Welding can be a good trade to have but me being a felid pipe fitter/fabricator, steel fabricator I deal with "'welders" that think they can weld but in reality can't very well.I hate cutting welds out, I work hard to make all fits correct the first time and dont want to do it again because of bad welds(sometimes me), it happens with good welders at times but not often), deal with full PTs, X rays so need to be good. When you do decide to break out be good at it, learn all you can with all deferent metals/alloys, a little fitting knowledge can help to on how the pipe draws/grows. Most all the pipe welds I deal with are tig except some with a different welding procedure that will be stick. You can get a job in a fab shop to get some real word practice behind the hood or go single hand for a company until you can get a truck and rig out. But depends on what kinda welding you want to do, im just assuming pipe. Practice practice and good luck with it!!


----------



## wcs61 (Jun 7, 2011)

Get your feet wet. By that I mean Underwater Welding $$$. But they say it has it's drawbacks as well. 

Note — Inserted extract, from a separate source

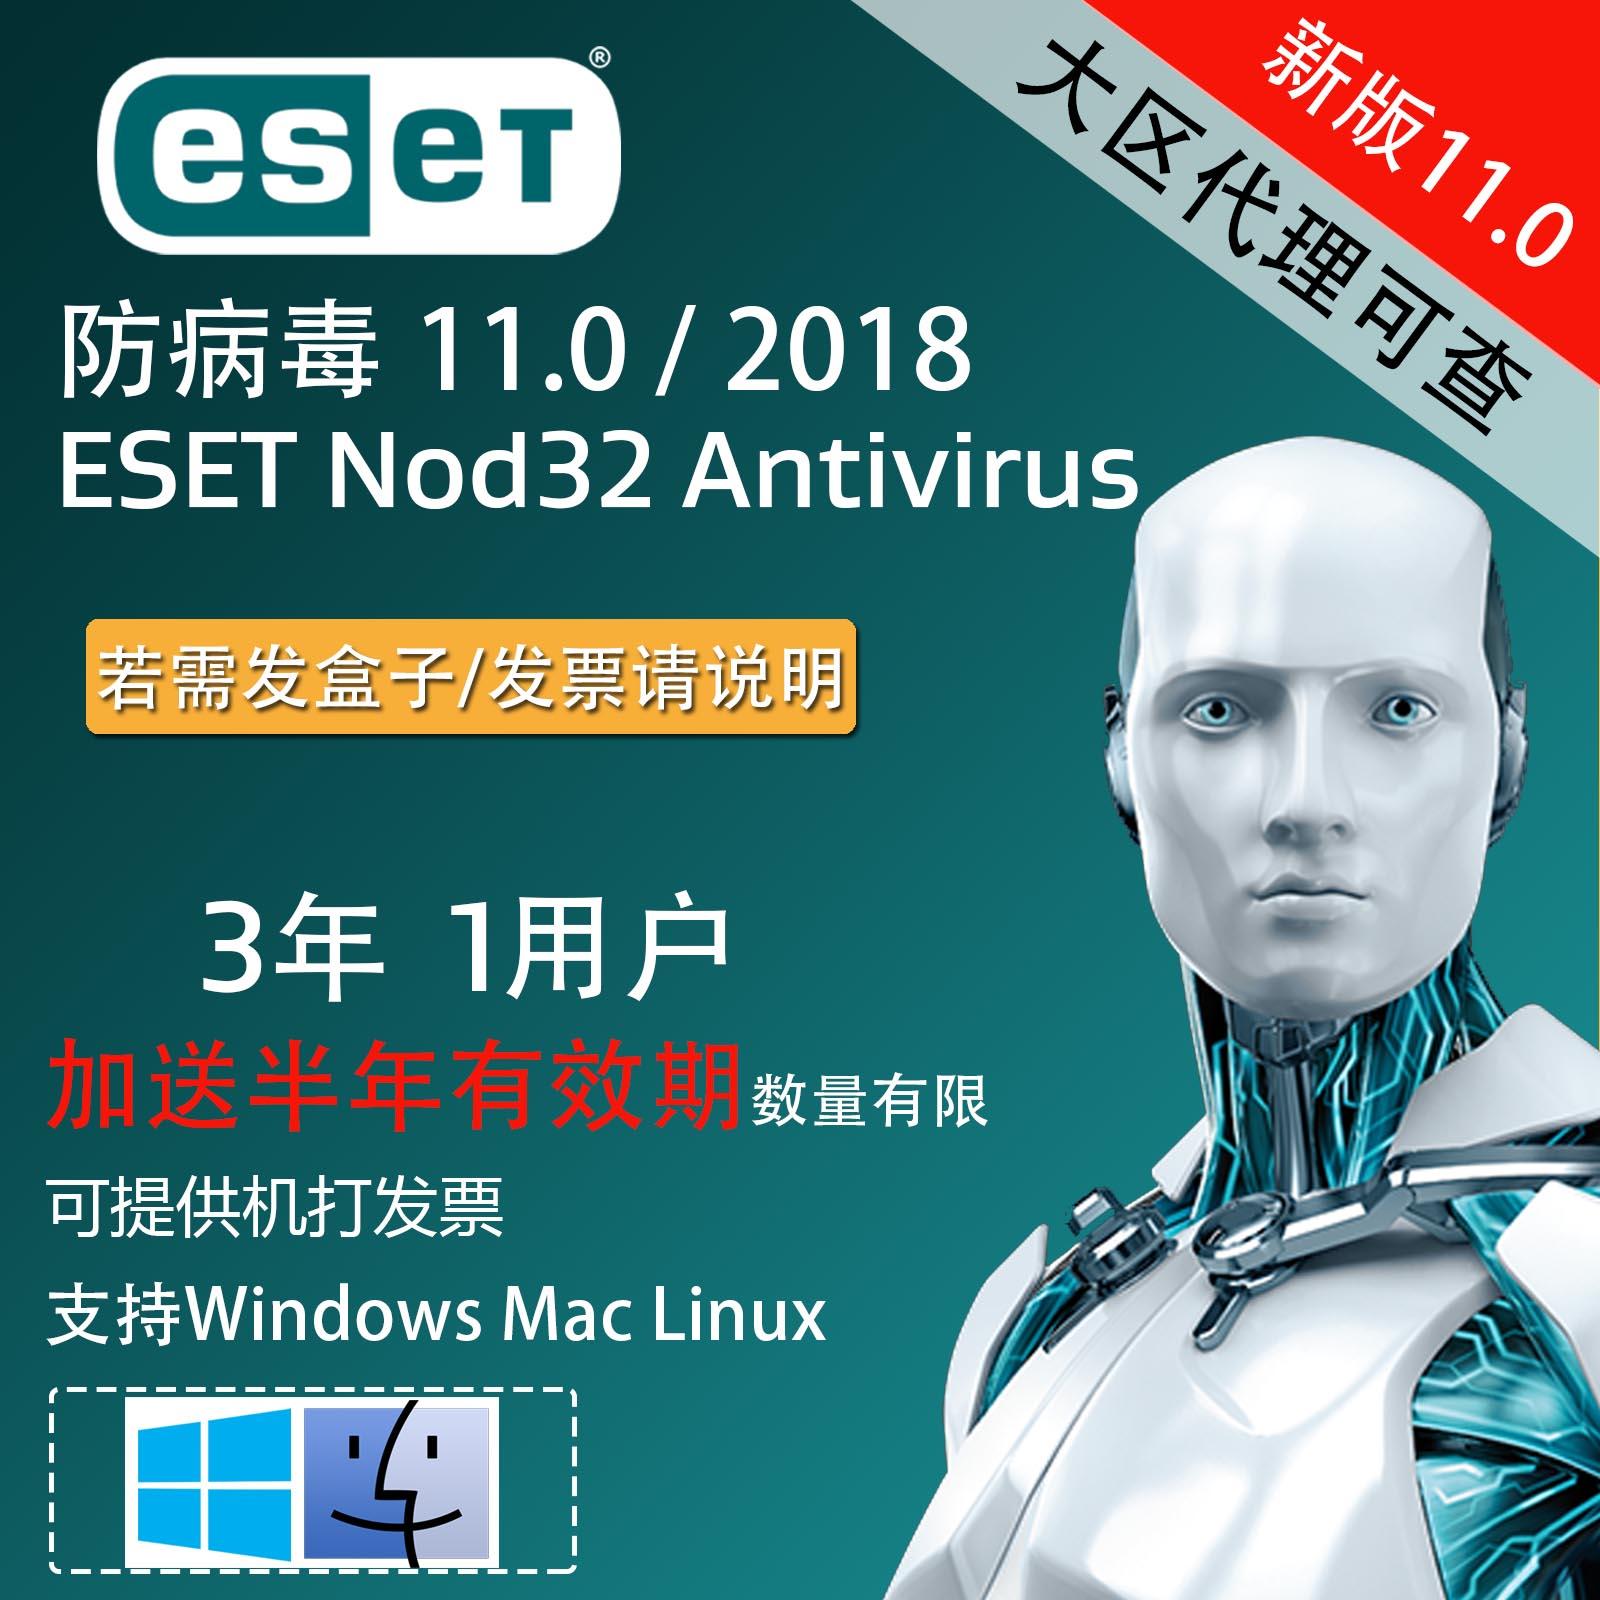 ESET Nod32 Antivirus 11.0 | ESET противо болезнь яд Nod32 убить яд программное обеспечение 3 издание

ANY welding inspecters on here looking to work over sea's? Easy money where I'm at and good pay. Message me and I can point you to the right people. Certification required and I believe 10 years experience.


----------



## mpr3369 (Feb 11, 2012)

I learned to weld in a fab shop. Then went through the ironworker's apprenticeship. Probably one of the best things I've ever done. There's nothing like hanging 300' in the air and building launch pads. It's a wonderful trade to learn!


----------